The embodiments disclosed herein generally relate to distributed data storage.
In one embodiment, a storage system is provided. The storage system includes a plurality of n storage containers, x1, x2, to xn, configured to store logical data and data protection data, wherein: n is greater than 1; the size of x1≦the size of x2≦ . . . the size of xn-1≦the size of xn and the size of x1<the size of xn; the plurality of n storage containers utilize more than ((n−m)*size of x1) for storing logical data, where m is the number of failed storage containers the system can handle; and the logical data and data protection data may include striped data and mirrored data.
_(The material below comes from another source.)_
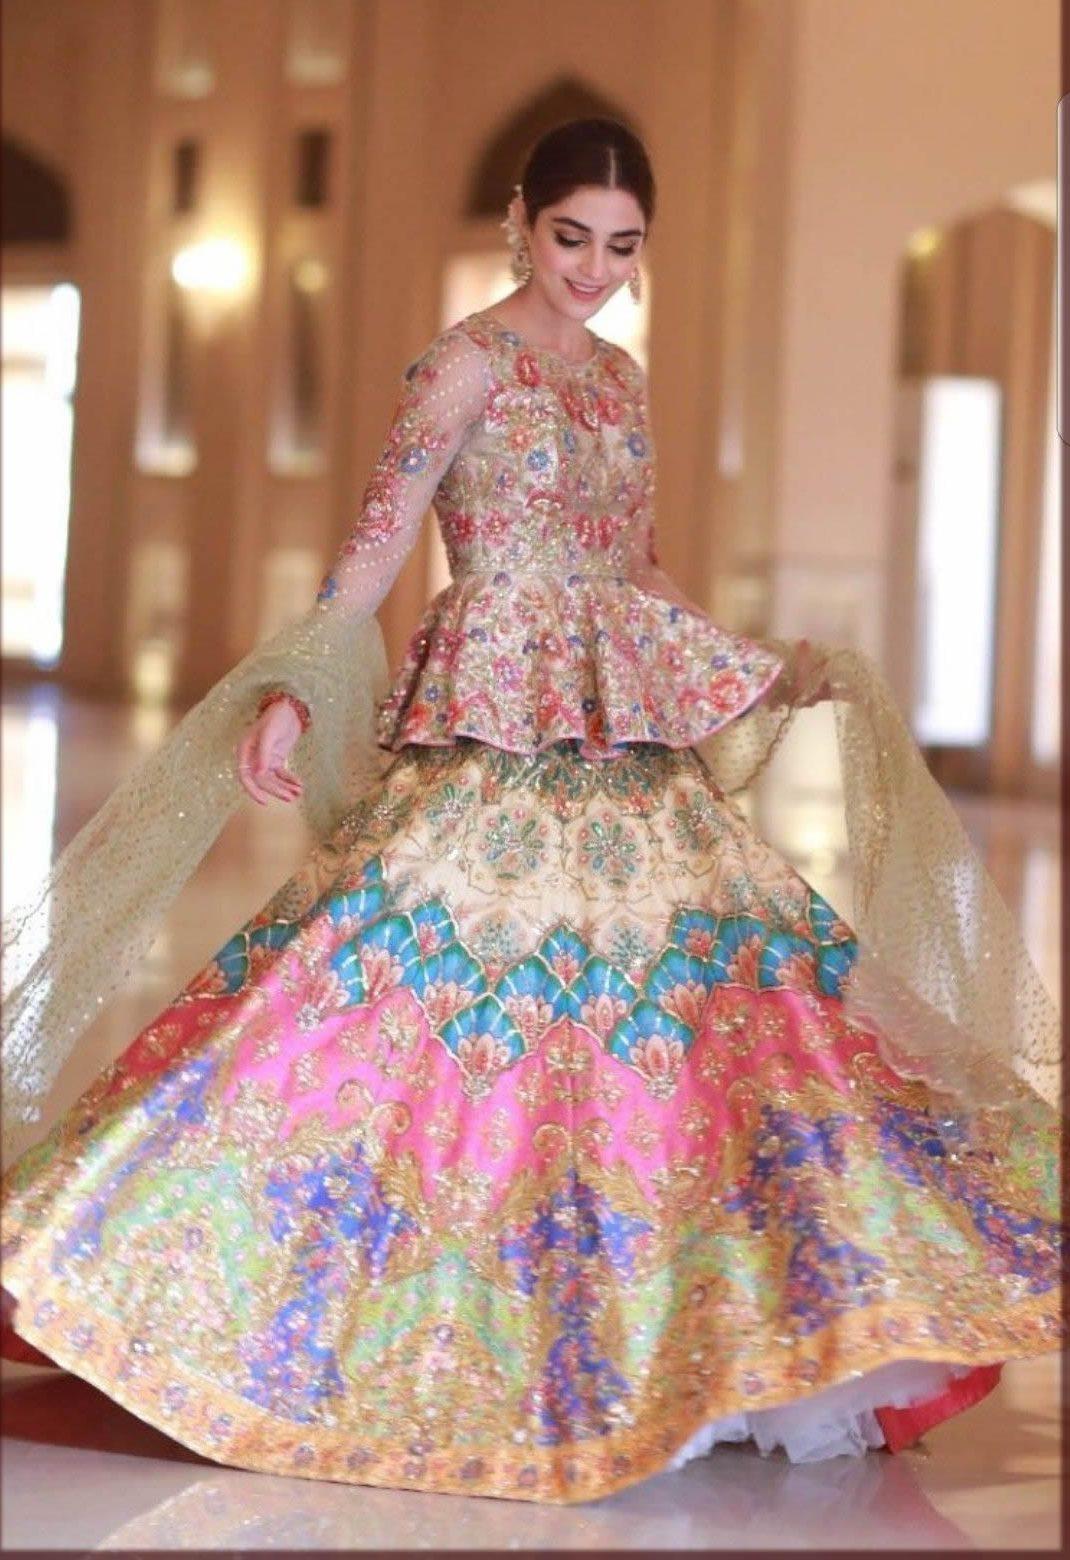 maya ali wearing nomi ansari dress

In a further embodiment, a storage system is provided. The storage system includes a plurality of n storage containers, x1, x2, to xn, configured to store logical data and data protection data, wherein: n is greater than 1; the size of x1≦the size of x2≦ . . . the size of xn-1≦the size of xn and the size of x1<the size of xn; the plurality of n storage containers utilize more than ((n−m)*size of x1) for storing logical data, where m is the number of failed storage containers the system can handle; and the storage containers are locally accessed disk drives.
In an additional embodiment, a storage system is provided. The storage system includes a plurality of n storage containers, x1, x2, to xn, configured to store logical data and data protection data, wherein: n is greater than 1; the size of x1≦the size of x2≦ . . . the size of xn-1≦the size of xn and the size of x1<the size of xn; the plurality of n storage containers utilize more than (n*size of x1) for storing physical data; and the logical data and data protection data may include striped data and mirrored data.
In a further embodiment, a method of storing data on heterogeneous storage containers is provided. The method includes receiving a total number of storage containers; receiving a minimum number of protection blocks; determining a first protection scheme; storing a first plurality of stripes of data across all of the storage containers at the first protection until the smallest container of all of the storage containers is full; determining a second protection scheme; and storing a second plurality of stripes of data across the non-full storage containers at the second protection until the smallest container of the non-full storage containers is full.
For purposes of this summary, certain aspects, advantages, and novel features of the invention are described herein. It is to be understood that not necessarily all such advantages may be achieved in accordance with any particular embodiment of the invention. Thus, for example, those skilled in the art will recognize that the invention may be embodied or carried out in a manner that achieves one advantage or group of advantages as taught herein without necessarily achieving other advantages as may be taught or suggested herein.
These and other features will now be described with reference to the drawings summarized above. The drawings and the associated descriptions are provided to illustrate the embodiments of the invention and not to limit the scope of the invention. Throughout the drawings, reference numbers may be re-used to indicate correspondence between referenced elements. In addition, the first digit of each reference number generally indicates the figure in which the element first appears.
Systems, methods, processes, and data structures which represent one embodiment of an example application of the invention will now be described with reference to the drawings. Variations to the systems, methods, processes, and data structures which represent other embodiments will also be described.
In a traditional RAID system, a single controller is attached to a set of drives and the controller stores data on the drives. These drives are of the same size and they always store the same amount of data. Such drives are often referred to as homogeneous drives since they are the same size throughout the system. While homogeneous drives may be easier to implement since they are of the same size, they do not allow for much flexibility such as, for example, when more space is needed and/or part of a drive becomes unavailable.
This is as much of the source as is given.